Marketers Cautioned About Web-Based E-Mail

Use of Web-based e-mail is on the rise and online marketers should be wary about it.

That’s the thinking of Lyris Technologies, a subsidiary of J.D. Halsey that released a survey yesterday revealing 64 percent of consumers used Web-based services like Hotmail and Yahoo to check their e-mail compared to 37 percent who say they use a desktop client like Microsoft Outlook or Eudora to do it.

Robb Wilson, a vice president for the Berkeley, Calif., maker of e-mail marketing software, explained that the survey findings, based on a poll of 141 respondents, may reflect a trend toward adopting multiple e-mail addresses.

“It’s also potentially the effect of people getting tired of changing their e-mail addresses when they move or change ISPs,” he told the E-Commerce Times. “It gives them a free address that’s static.”

Yellow Flag Raised

Whatever the reason for increased use of Web mail, Wilson asserts that the trend should raise a yellow flag for online marketers.

“It should make them think a little bit more about the fact that they just can’t cater to Outlook when it comes to rendering [rich e-mail],” he said.

“As we’ve proven time and time again with customers, just because it works in Outlook doesn’t mean it’s going to render correctly in other e-mail clients,” he explained.

“What ultimately happens,” he continued, “is customers receive messages that are not legible or have table and alignment issues.”

The Unforgiving

That can have a dire impact on a marketer’s e-mail campaign. As Shar VanBoskirk, an analyst with Cambridge, Mass.-based Forrester Research pointed out to the E-Commerce Times, “Consumers are very aware of e-mails today that don’t look recognizable, and they’re not very willing to give marketers a second chance.”

Even if marketers create messages to be perfectly rendered in a particular Web client, the electronic epistle could still be messed up when it arrives in a target’s inbox because the graphics have been stripped from it by the system.

“Yahoo, for example, defaults to not showing graphics,” VanBoskirk explained. “The user has to go in and reset the settings so they view graphics.”

Mangled Metrics

In addition to fouling up the look of a message, image blocking can distort a marketer’s metrics for an e-mail campaign, Wilson averred.

That’s because the images for a message are located on remote servers. When a message is displayed, it accesses those servers to obtain the image. Some marketers use that access to measure whether or not the message has been opened by the recipient.

“Companies are seeing their open rates decline,” Wilson noted, “and in a lot of ways it’s declining at the rate that adoption of image-blocking is taking place.”

Bigger Fish to Fry

The trend toward greater use of Web mail clients shouldn’t surprise marketers, according to VanBoskirk.

“This idea of consumers leveraging more Web mail clients doesn’t introduce anything to the marketer that they shouldn’t have already been thinking about before,” she argued.
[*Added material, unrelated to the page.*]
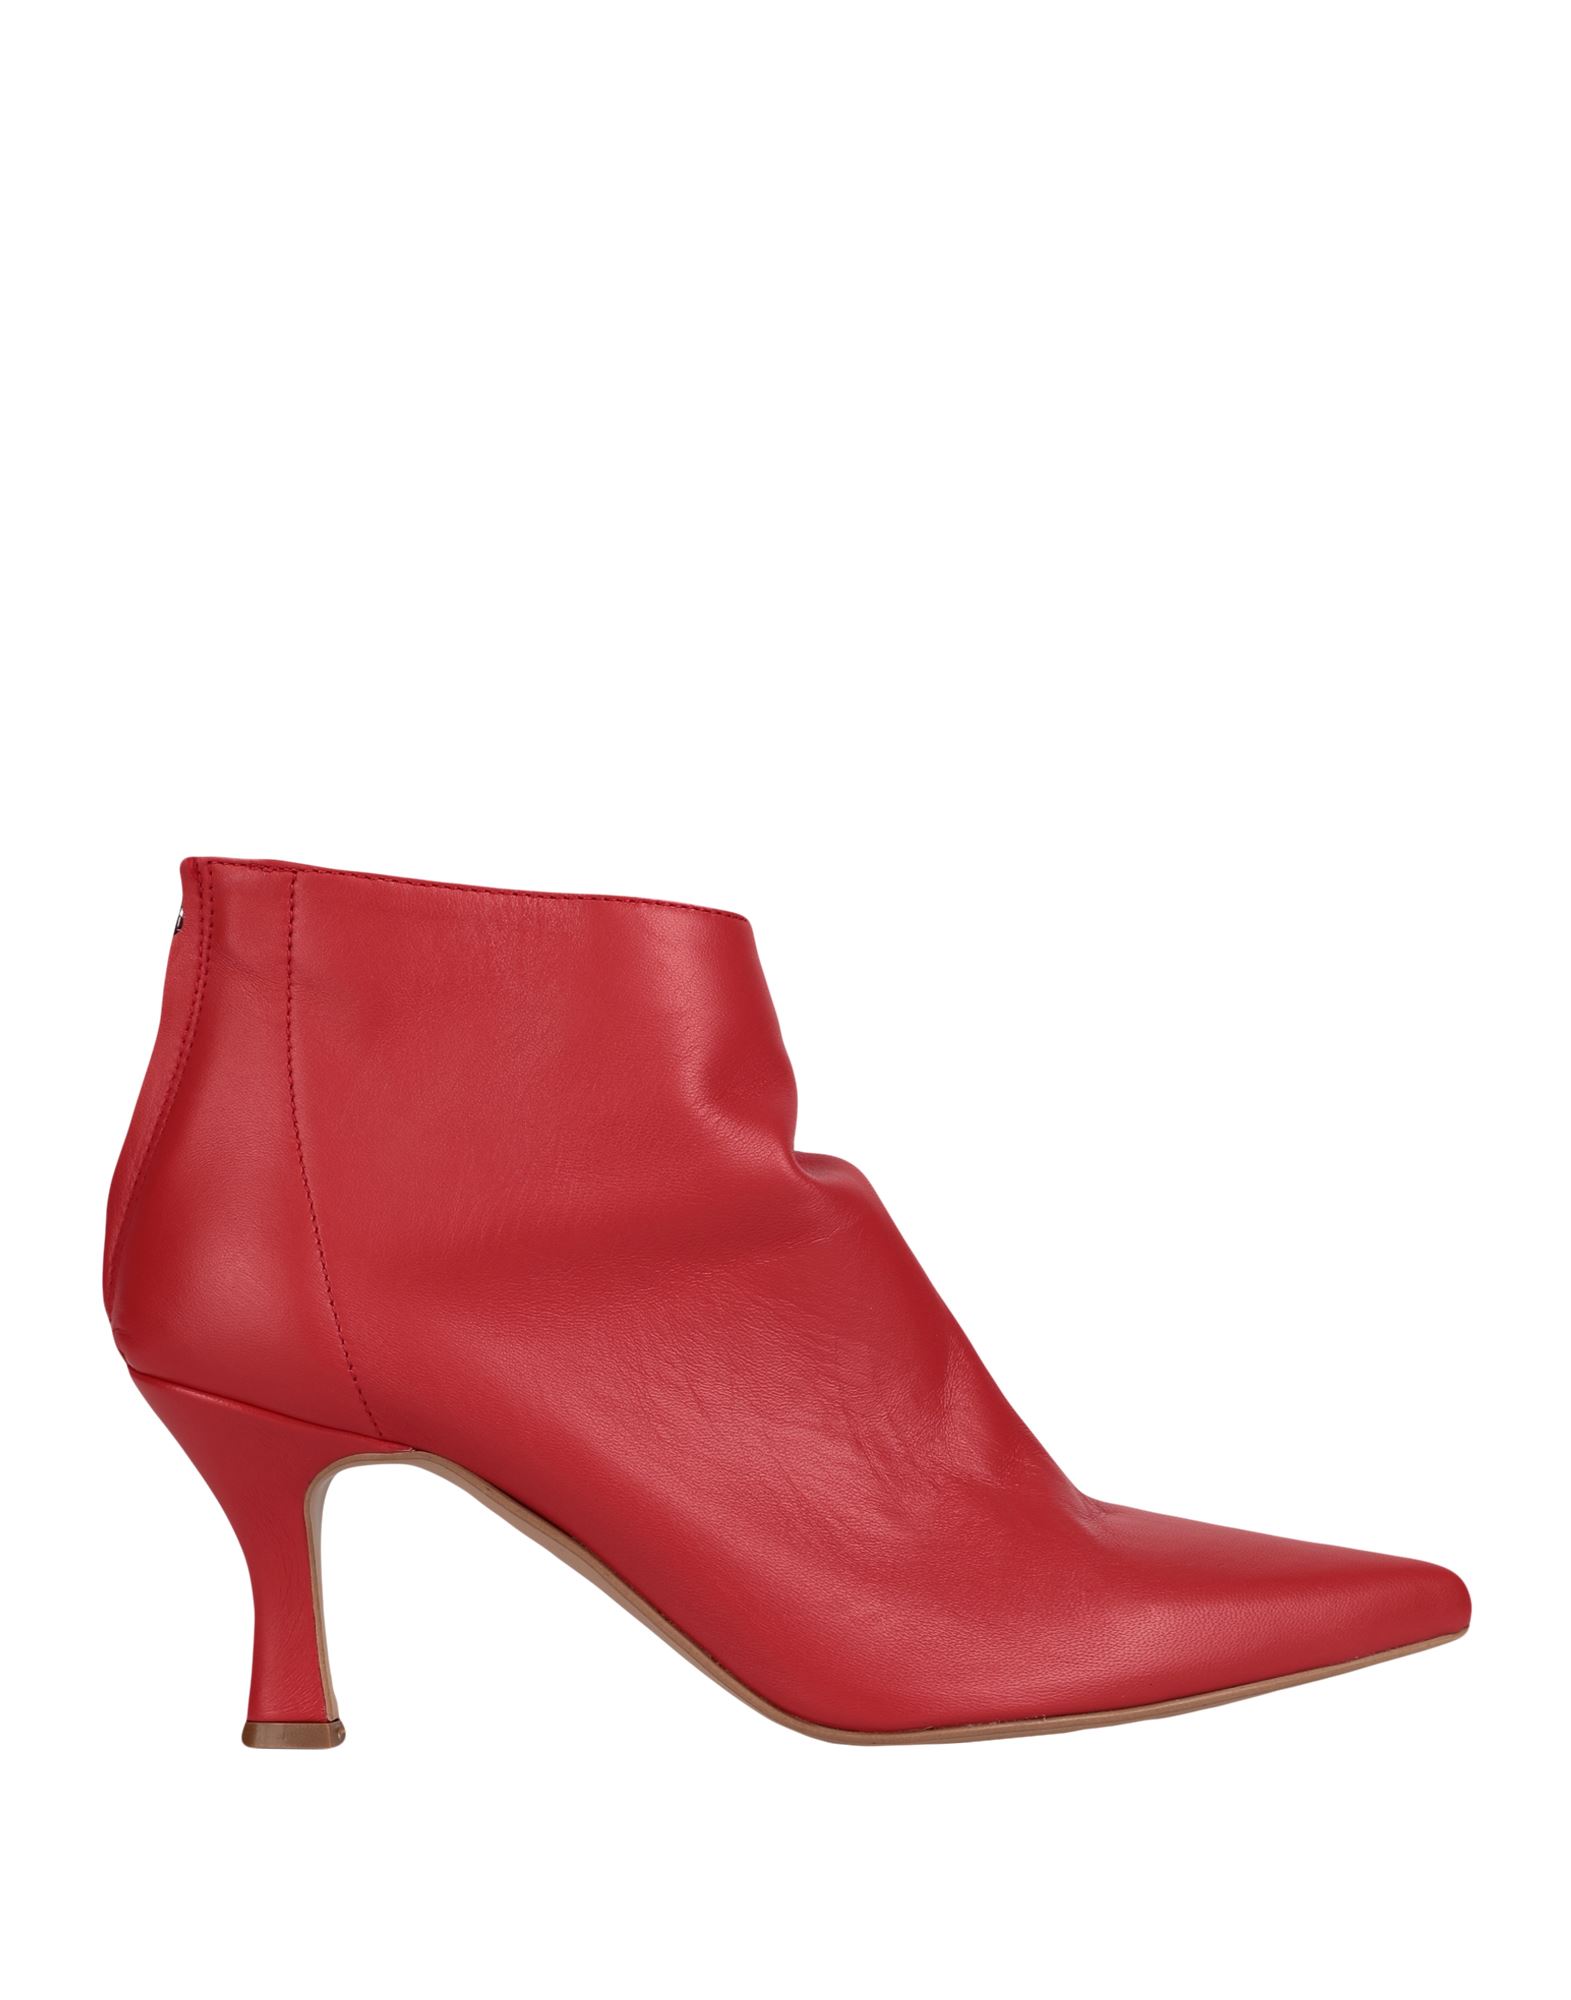 OVYE' BY CRISTINA LUCCHI OVYE' BY CRISTINA LUCCHI WOMAN ANKLE BOOTS CORAL SIZE 7 CALFSKIN

How their messages appear in Web clients should be less of a concern to marketers than whether their missives will make it into inboxes at all, she maintained.

Because of the volume of mail they receive, she explained, Web-based e-mail systems have to filter out a greater number of messages. “From an e-mail marketer’s perspective, you have to be more diligent with your effort to stay on top of spam filtering techniques used by web clients,” she said.

E-Mail Ineffective

But for some marketers, the problems Lyris is airing about Web mail are just another reason for deserting the medium entirely as a pitch tool.

“Web-based e-mail is just as bad as any e-mail,” Alan Elias, president and CEO of THINK360 Marketing Solutions in Austin, Texas, told the E-Commerce Times. “Using e-mail as any type of marketing tool is completely ineffective because of spam.”

However, marketers aren’t ready to buy into that condemnation of e-mail just yet, according to VanBoskirk.

“Marketers are wizening up to be more strategic about their use of e-mail,” she said.

Smarter Marketing

In the past, she explained, e-mail was so inexpensive that marketers felt they didn’t have to be smart about how they used it so they sent out high volumes of messages.

“Now sending out high volumes of messages flags you as a spammer,” she observed. “It also irritates your target customer. And it decreases your response.:

“So,” she continued, “e-mailers are tuning into the fact that they need to spend some money on analytics and do more relevant marketing so they’re not sending everybody the same universal message but different customer segments messages that are relevant to them.”